N.B. LGR4 Secret of Phantom's Cloister and LGR23 Strange Bedfellows were discussed in other scenarios, but never made available.
From the Wizards of the Coast announcement:
At Gen Con Indy 2003 the RPGA is proud to present the first foray of the Dungeons & Dragons Campaigns program: Legacy of the Green Regent. Set in the Forgotten Realms, and using Dungeons & Dragons (3.5 Edition), the campaign style should be somewhat familiar to folks who have played Living campaigns, but different enough that we have shed that title.
How are the D&D Campaigns offerings different than Living campaigns? It may be better to start with how they are the same. Like Living campaigns, every campaign in the new program will be large multi-player, multi-DM games offered at RPGA events. You create your own characters, using the Player’s Handbook and the Legacy of the Green Regent Campaign Standards document available in early July. You play that character in a number (about 20 or so a year) of specified adventures, most of which are available as a free download for RPGA Herald-Level GMs .
Each adventure offers players challenges for their character, and the possibility of experience point advancement and treasure. Each adventure also offers the chance of that character’s horrible death at the hands of a mischievous foe, or diabolical trap. As play moves forward, your character’s actions ultimately shape how that story progresses, and ultimately how the story ends.
Just how that’s done is one the exciting new features of D&D Campaigns: we’re going electronic!

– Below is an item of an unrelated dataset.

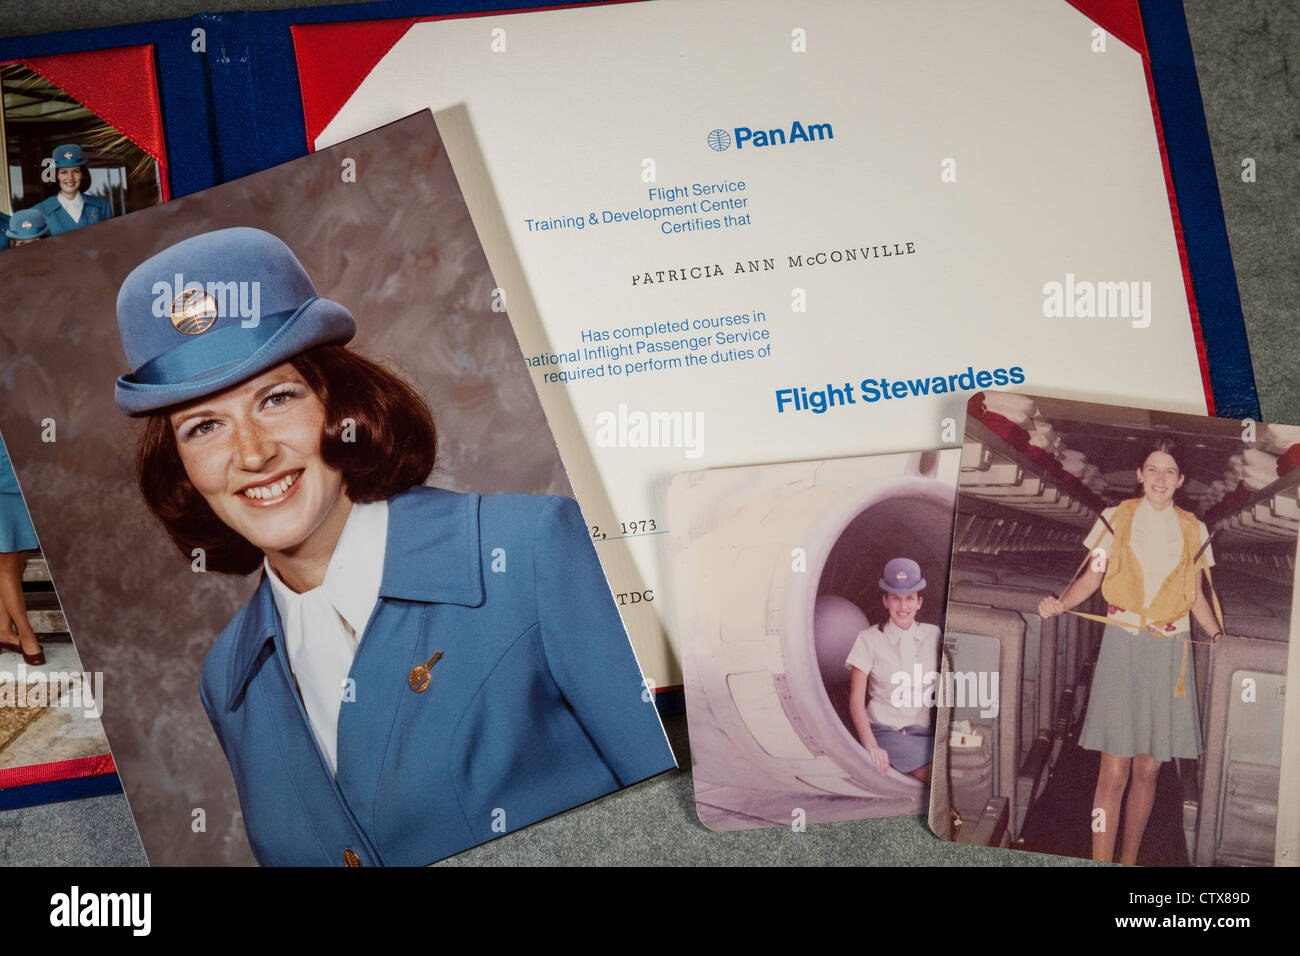 Pan American Airlines Flight Stewardess Graduation Diploma and Photo, 1973 Stock Photo

At the end of each adventure, the DM answers a number of questions, based on the play at the table. We track and ultimately drive the campaign by those answers. If more groups killed the bad guy then did not, that NPC dies in the campaign. If the majority of groups playing the adventure did not reach a specific adventure goal, it has real play consequences. All of this builds to the campaign’s finale. That’s right, this campaign ends, and how it ends is determined by its player’s actions.

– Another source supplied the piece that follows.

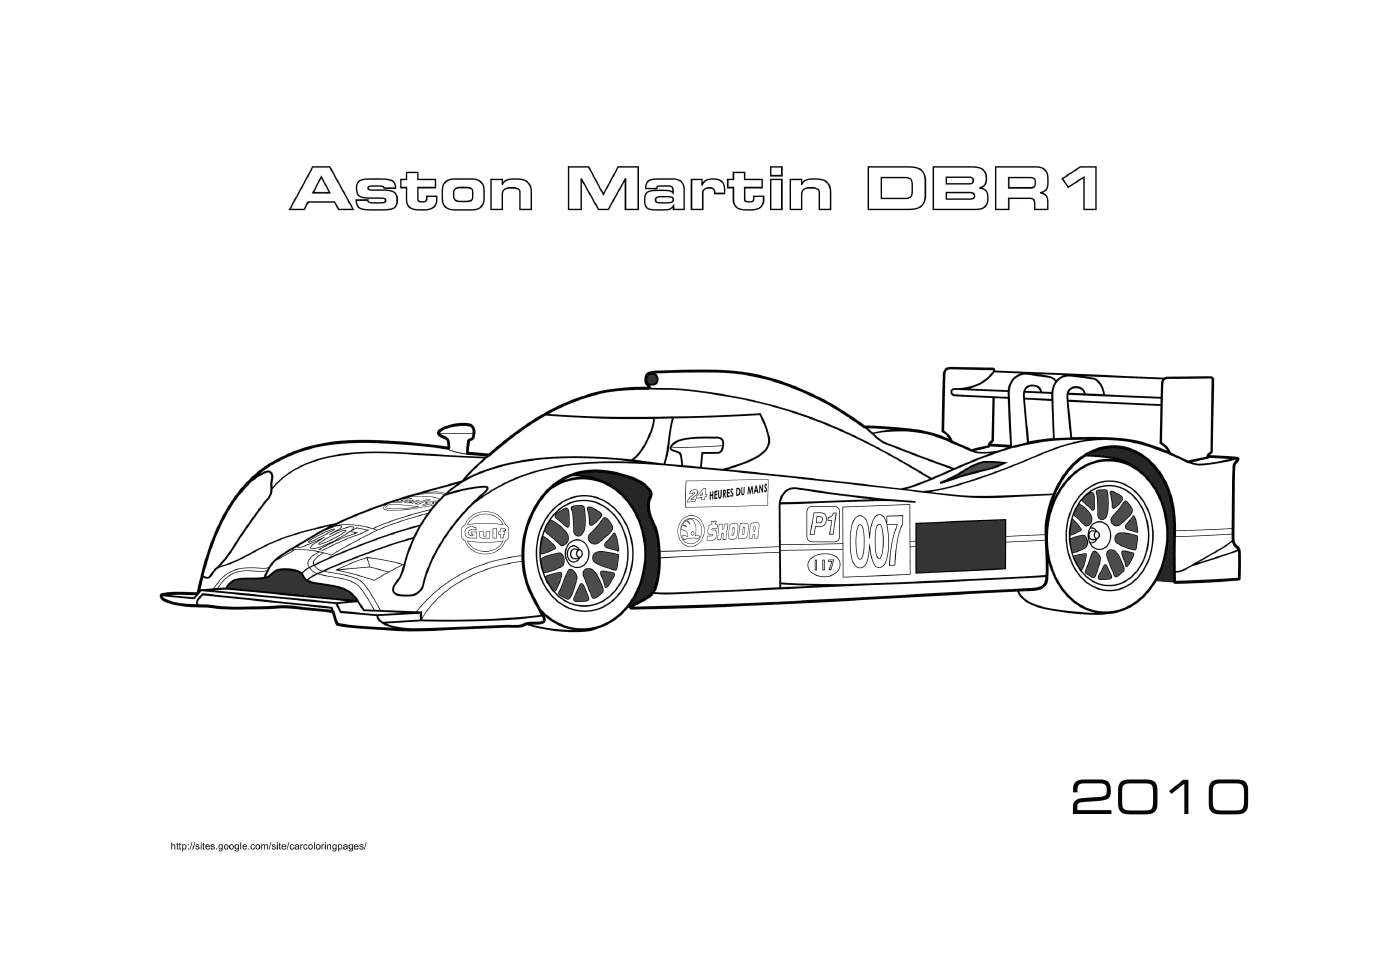   Aston Martin DBR1 2010, voiture de Formule 1

Campaign consequences aren’t the only thing we are tracking digitally, we’ll also be tracking your character’s advancement. Log sheets, time (or day) units are a thing of the past; the answers to the campaign consequence questions do a double duty; they also determine how much gold and experience points your character gains at adventure completion. We’ll also be tracking other character consequences, including character death, level drain, and resurrection consequences.
While we track the basics of character progression digitally, how you progress your character is up to you. Legacy of the Green Regent features some new methods and mechanics to help you create, and then truly personalize your character as it advances. First, the Campaign Standard document features three styles of campaign starts: quickstart, corestart, and fullstart.